Are static configs for things really all that bad?

They say: "Don't build static configurations into software," well, in this case lets talk libraries or CLI's. The kind you consume as a programmer. As I was working on open sourcing a CLI application that takes my personal concept of Docker repos and puts it into an application that anybody can consume. It soon came to me that I have some static configurations in there, configurations that one user, might want to change. Then the question came along: "how often do I even get requests for that?"

Lets take the following:

class Repo

  # --
  # Initialize a new instance.
  # --
  def initialize(root)
    @root = root
  end

  # --
  # The config data.
  # --
  def data
    @data ||= begin
      file = File.join(@root, "opts.yml")
      File.file?(file) ? YAML.load_file(file, {
        :safe => true
      }) : {}
    end
  end

  # --
  # The build type.
  # --
  def build_type
    data.fetch("build_type", "simple")
  end
end

A lot of that is static, it can either be a constant, so it's configurable by somebody who wants to modify the source, for their own style, or put into a configuration file.

Like so:

class Repo
  DefaultBuildType = "simple"
  OptsFile = "opts.yml"

  # --
  # Initialize a new instance.
  # --
  def initialize(root)
    @root = root
  end

  # --
  # The data.
  # --
  def data
    @data ||= begin
      file = File.join(@root, OptsFile)
      File.file?(file) ? YAML.load_file(file, {
        :safe => true
      }) : {}
    end
  end

  # --
  # Get the build type.
  # --
  def build_type
    data.fetch("build_type", DefaultBuildType)
  end
end

How often are people going to step into the source and edit that?

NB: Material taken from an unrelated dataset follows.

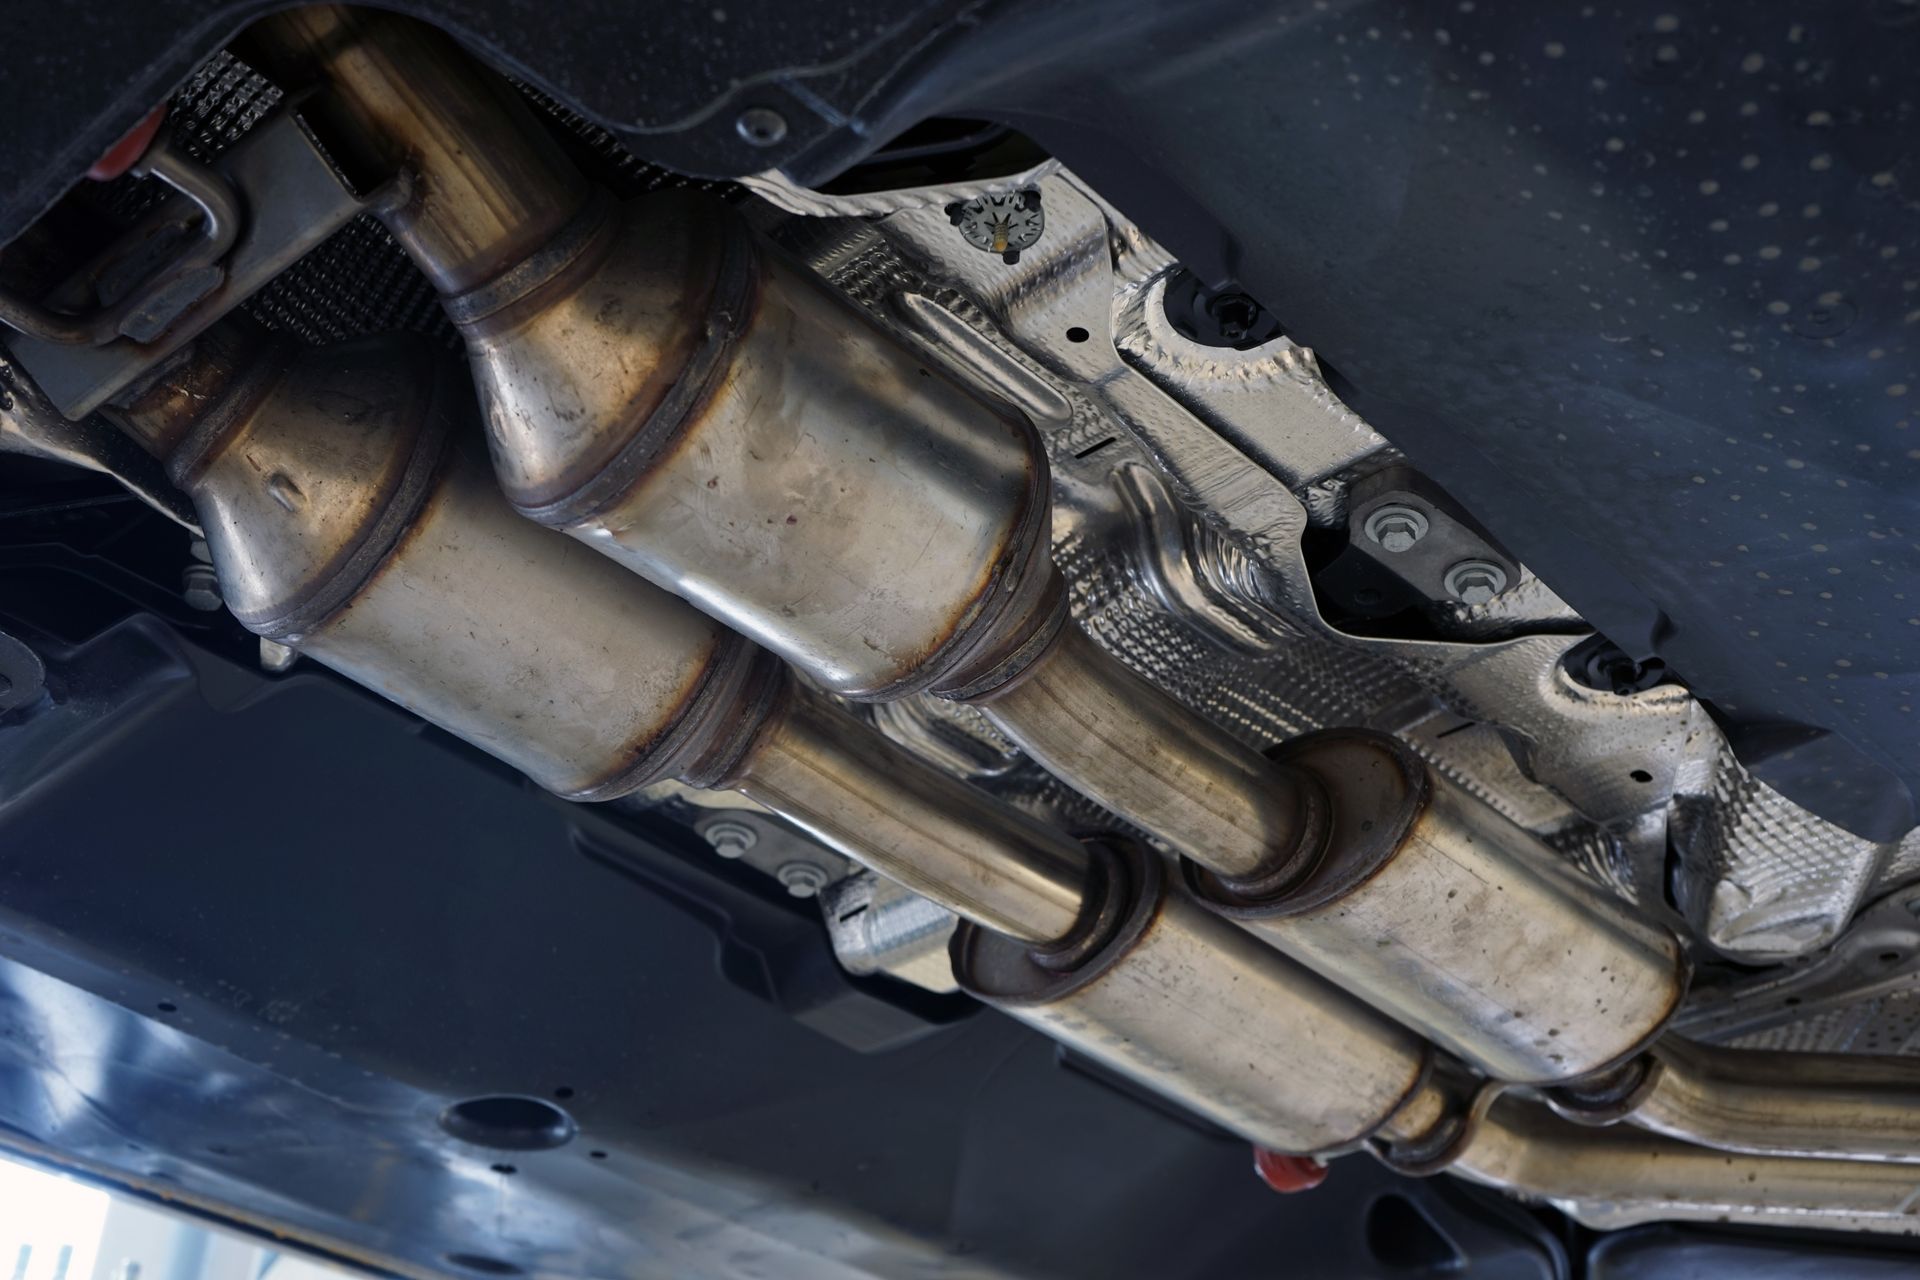 A catalytic converter (catalyst) installed on a modern car
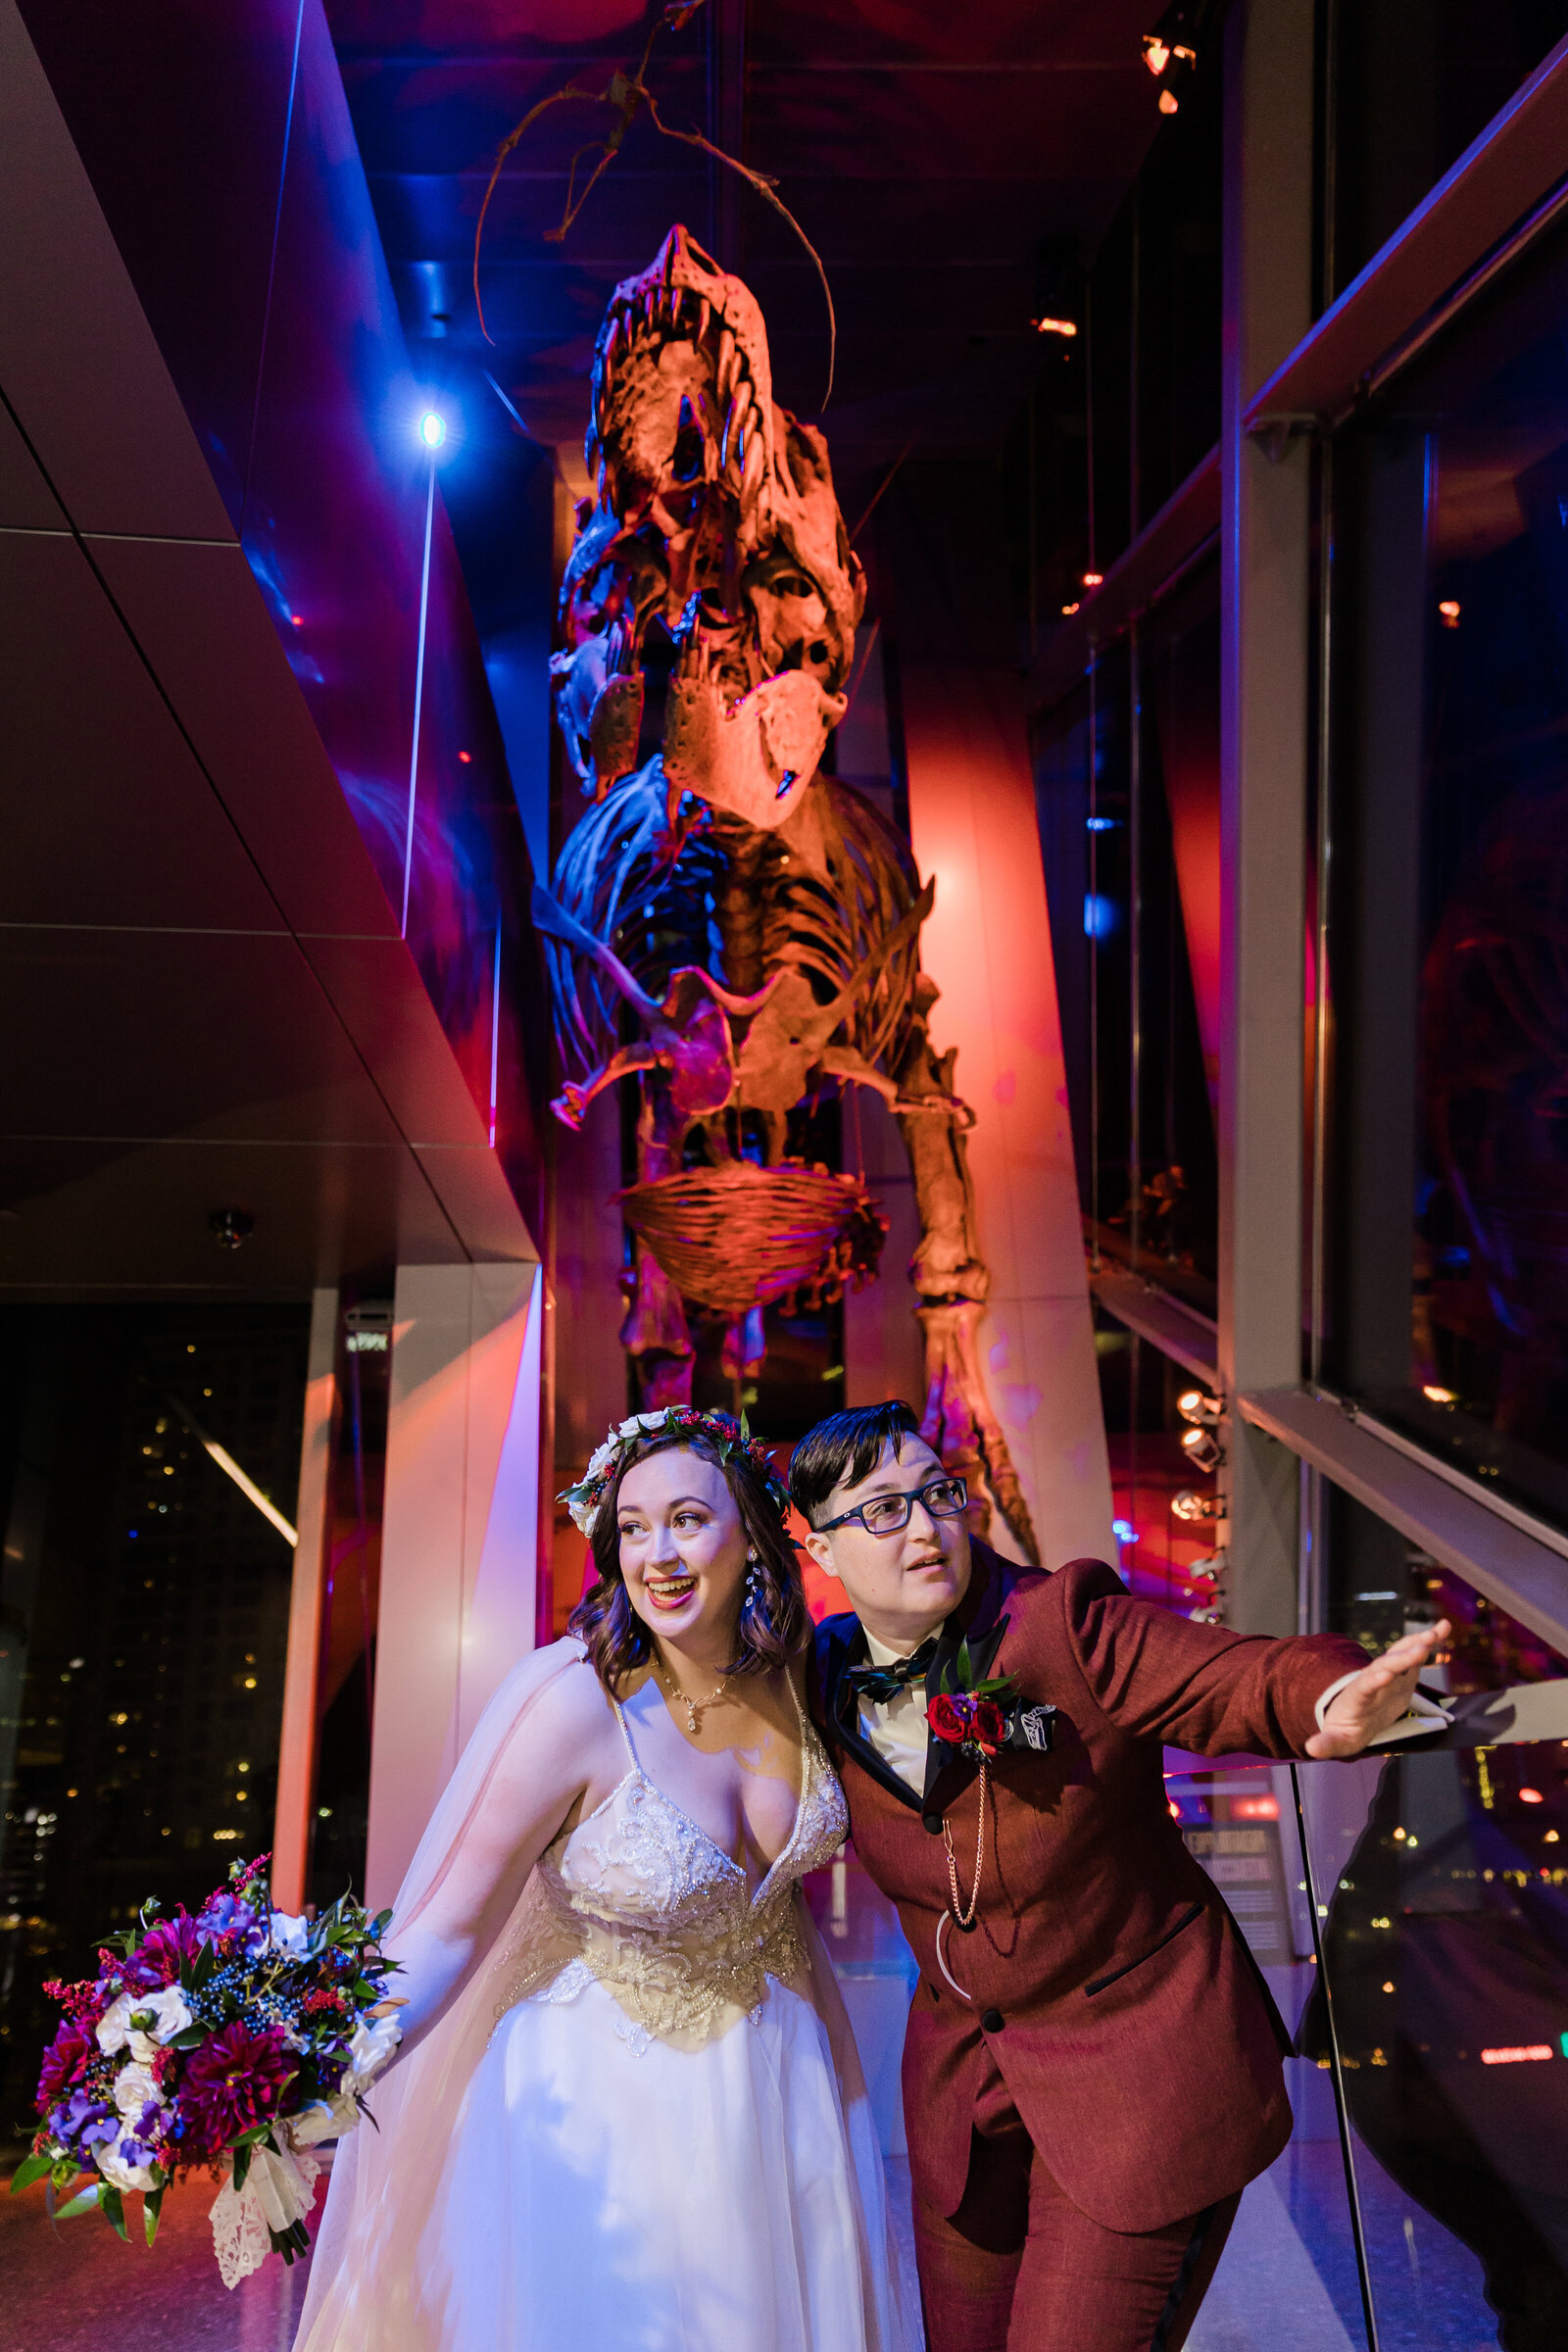 Two brides posing excitedly with a tyrannosaur rex skeleton at the Perot Museum in Dallas, Texas. The skeleton is bathed in colorful light. The bride on the left is wearing a detailed white dress, long flowing view, and is holding a bouquet. The bride on the right is wearing a burgundy suit and boutonniere.

We could make it easy, then you need a configuration class for that... the configuration class loads the configuration file which will then check for those default values or set a default value, but is that necessary? Do people want that much configuration, or is convention the way software needs to go?

Those aren't questions, they are thoughts posed as questions since I already know what I'm going to do: I'm going to build a configuration class because I wouldn't want to be stuck without flexibility so I'm not going to stick you without it but at the same point I don't think some convention is bad.

This is true when you go look at Rails, and there are 10,000 papercuts in the configuration alone. There is configurations that should take convention and convention that needs configuration, should we bring up some past security problems that made me think: That should have been configurable and off by default.